Column: Fighting the November blues

Column%3A+Fighting+the+November+blues

Photo by Faith Kwong

Elissa Eaton, Features Editor

I’ve always found November to be the most challenging month of first semester. I think it’s even harder than December, which brings on its own set of challenges with finals. There’s something about November that’s especially mentally exhausting. It could be that we haven’t had a substantial break in a long time or just the fact that the end of the semester is so close, yet so far. I find myself flipping back and forth between the mindsets of “only one month left!” to “ugh we still have a whole month?” And I know that I’m not alone. As many students at Naperville North are muddling their way to Thanksgiving break, I’m here to give you some tips to fight the burnout that you may be experiencing. Whether you are sick of school or you just feel bleh in general, I’d like to offer some advice. 
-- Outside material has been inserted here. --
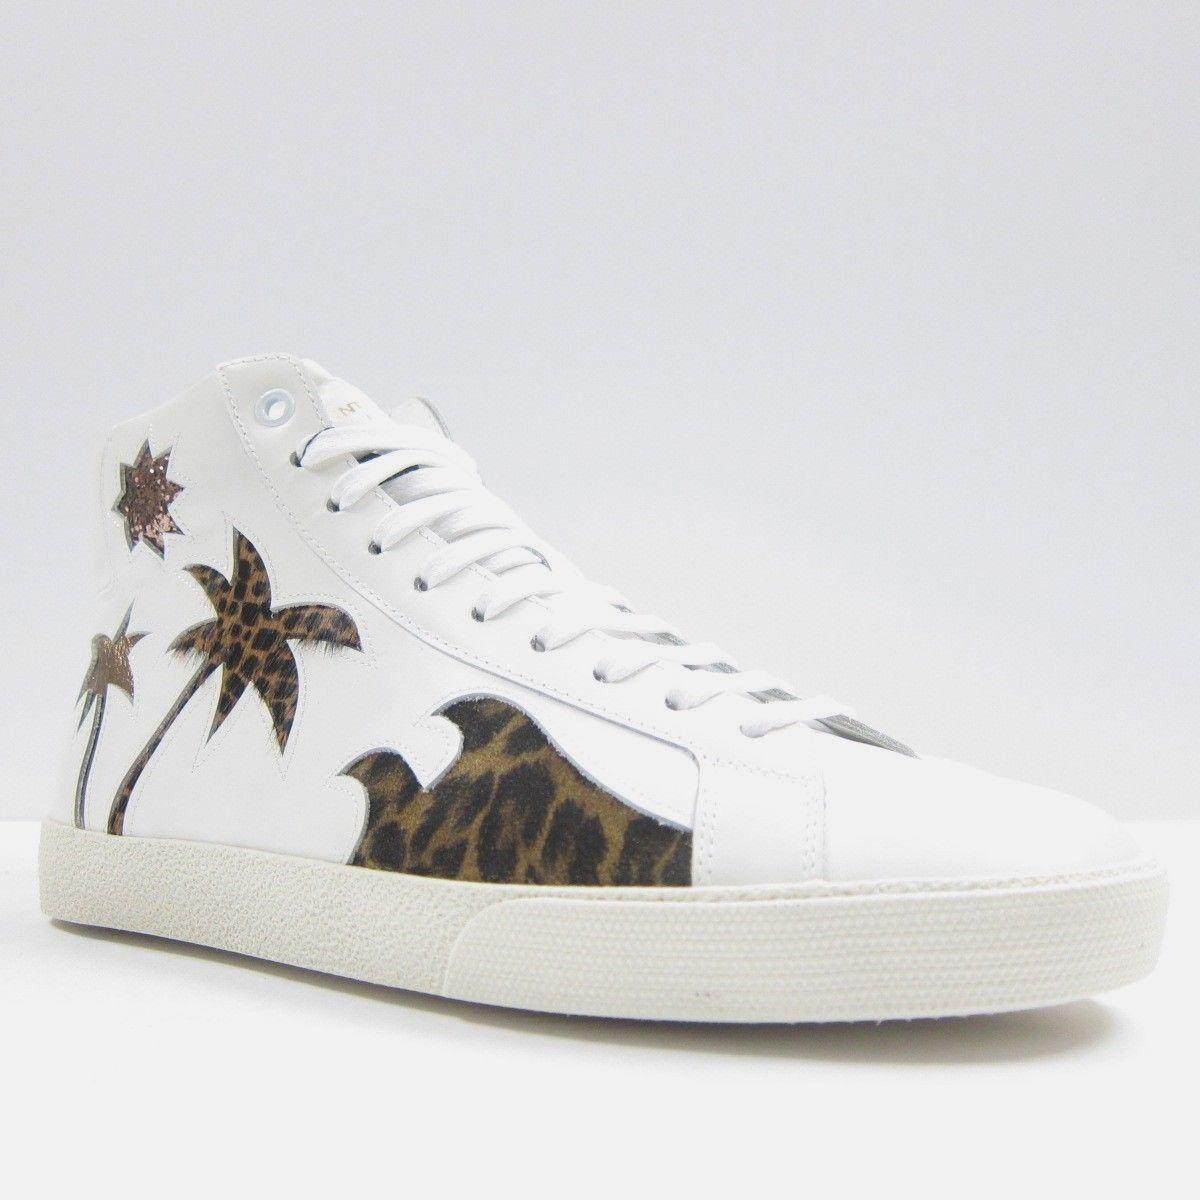 Scarpe casual da uomo  S-2245139 Nuovo Saint Laurent di Lana Bianco Ghepardo Sneaker Hi-Top Taglia

  1. Make time for fun: I often find myself reminiscing about simpler times when I did not have to worry about calculus tests or getting into college. Although this time of year may be more stressful than it used to be, it’s still supposed to be fun! Just because it’s important to keep your grades up doesn’t mean that carving out time for fun should be put on the back burner. The more you throw yourself into schoolwork, the less you are going to want to do it. It’s important to take breaks and spend time with your friends and family, especially during the holiday season. I know that many holidays take place during and even before winter break. I don’t know about you, but I definitely don’t want to wait for my last final to be over in order to make the most of the holidays. 
  2. Exercise: This can be done in a variety of ways, depending on your preference. I like to run. Whether alone with some tunes or with friends, it never fails to boost my mood. No matter how you exercise, it’s so important to get it in. I know that it can be hard to find the motivation to do it, but I can guarantee that you will be glad after the fact. Not only will it improve your mental health by boosting endorphins, exercising will actually improve your focus. I find that I can finish my homework much quicker and with more focus after a run compared to when I don’t exercise. 
  3. Talk about it: Now that we have changed our clocks for daylight savings, the darker days can lead to feeling more down in the dumps than usual. The academic pressure of keeping those grades up isn’t helping. Don’t dismiss these feelings. The winter blues are real emotions that many experience. No one should have to go through these feelings of sadness alone, so reach out. It could be as simple as texting a friend or complaining to your parents. Not everything has to be said and it definitely shouldn’t be forced, but knowing that you have support will be an asset during unmotivated times. 

There’s no doubt that this time of year puts many students in the pressure cooker. If you’re feeling this way, you’re not alone. Although it’s important to keep those grades up, it’s equally, if not more, important to keep your mood up. The only thing that should be dropping for the remainder of this semester is the temperature. There’s so much to look forward to this holiday season, so hang in there Huskies!